Commissioner for Oaths Declaration (India)
Oaths Act 1969 — Sworn Declaration before Commissioner for Oaths
DECLARATION
Made before a Commissioner for Oaths
Oaths Act 1969, India
For: [Declaration Purpose]
I, [Deponent Name], son/daughter/wife of [Father's Name], aged [Deponent Age] years, [Nationality] national, [Occupation], residing at [Deponent Address], identified by [Identity Document] No. [Document Number], do solemnly and sincerely declare as follows:
SUBJECT MATTER: [Subject Matter]
DECLARATIONS:
[Declaration Statements]
And I make this solemn declaration conscientiously believing the same to be true, by virtue of the provisions of the Oaths Act 1969.
COMMISSIONER FOR OATHS CERTIFICATE
DECLARED at [Place of Declaration] on [Declaration Date] before me,
by [Deponent Name], who is personally known to me / identified to my satisfaction by [Identity Document] No. [Document Number],
and who signed / made their mark in my presence.
Commissioner for Oaths: [Commissioner Name]
Appointment: [Commissioner Appointment]
Seal:
Date: [Declaration Date]
Place: [Place of Declaration]
Deponent
________________
Signature
Commissioner for Oaths (with Seal and Appointment Details)
________________
Signature
What Is a Commissioner for Oaths Declaration (India)?
A Commissioner for Oaths Declaration in India provides a signed declaration of the matters it covers, creating a record the recipient can rely on.
The legal framework governing the Commissioner for Oaths Declaration (India) in India draws on several key statutes and regulatory bodies. In India, sworn affidavits and statutory declarations are governed by the Oaths Act 1969 and attested by a Notary Public under the Notaries Act 1952 or an Oath Commissioner; their evidentiary value is recognised under the Bharatiya Sakshya Adhiniyam (BSA) 2023. A false statement in an affidavit attracts prosecution for giving false evidence under the Bharatiya Nyaya Sanhita (BNS) 2023, which replaced the Indian Penal Code from 1 July 2024. Parties executing a Commissioner for Oaths Declaration (India) in India should confirm the document reflects current law, including any amendments enacted since the original drafting date. The Oaths Act, 1969 sets the foundational requirements.
When Do You Need a Commissioner for Oaths Declaration (India)?

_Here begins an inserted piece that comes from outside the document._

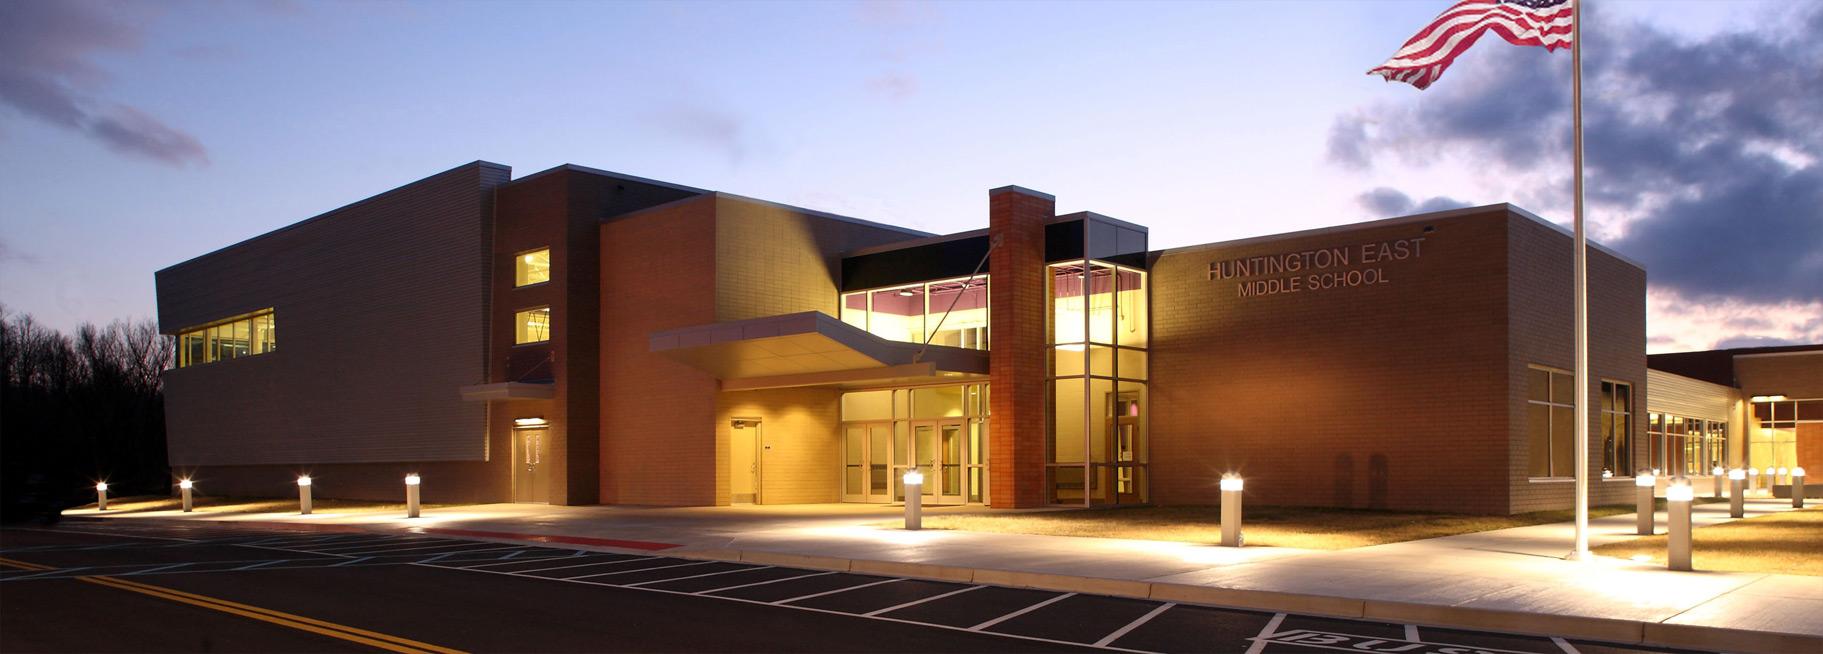 Huntington East Middle School | ZMM Architects & Engineers
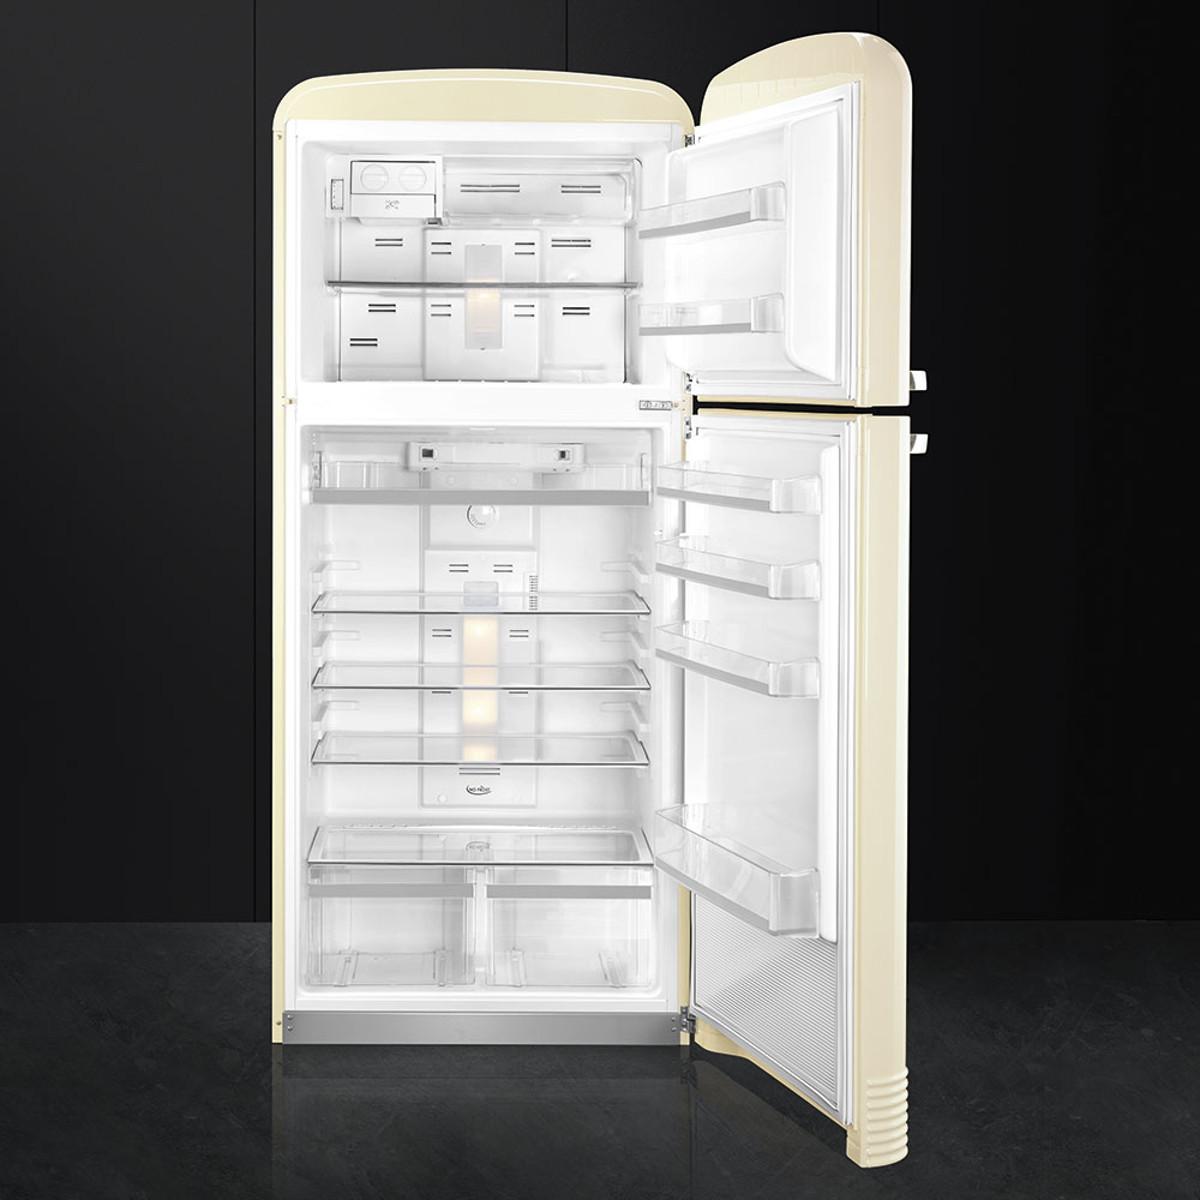 Smeg Fab50rcr Retro Style Fridge Freezer In Cream Rh Hinge Open View

A Commissioner for Oaths Declaration is required in several specific contexts. For documents intended for use in foreign legal proceedings — particularly in courts in the United Kingdom, Ireland, Australia, Canada, New Zealand, and other common law jurisdictions that use the term 'Commissioner for Oaths' — the evidence or sworn statement required from an Indian deponent must be made before a Commissioner for Oaths. Applications to foreign immigration authorities, embassies, and consulates for visas, residency, and citizenship sometimes require declarations before a Commissioner for Oaths rather than (or in addition to) a notarised affidavit. Applications under Letters Rogatory or Letters of Request from foreign courts seeking evidence from witnesses in India may require evidence to be taken before a Commissioner for Oaths. In the context of the Bombay High Court's Original Side jurisdiction, several types of proceedings require affidavits to be sworn before a High Court-appointed Commissioner for Oaths rather than a Notary Public. For international commercial arbitration proceedings (under ICC, LCIA, SIAC, or UNCITRAL rules) where the deponent is in India and the proceeding is administered abroad, declarations before a Commissioner for Oaths may be required. For India-to-UK probate matters, where an Indian beneficiary needs to make declarations regarding their identity, relationship to the deceased, and entitlement to the estate, a Commissioner for Oaths Declaration with apostille is the standard form.
Parties in India should prepare a Commissioner for Oaths Declaration (India) proactively rather than waiting for a dispute to arise. Courts interpret agreements based on the written terms rather than oral representations. In India, sworn affidavits and statutory declarations are governed by the Oaths Act 1969 and attested by a Notary Public under the Notaries Act 1952 or an Oath Commissioner; their evidentiary value is recognised under the Bharatiya Sakshya Adhiniyam (BSA) 2023. A false statement in an affidavit attracts prosecution for giving false evidence under the Bharatiya Nyaya Sanhita (BNS) 2023, which replaced the Indian Penal Code from 1 July 2024. Where the transaction involves regulated activities, prior approval from the relevant authority may be required before execution.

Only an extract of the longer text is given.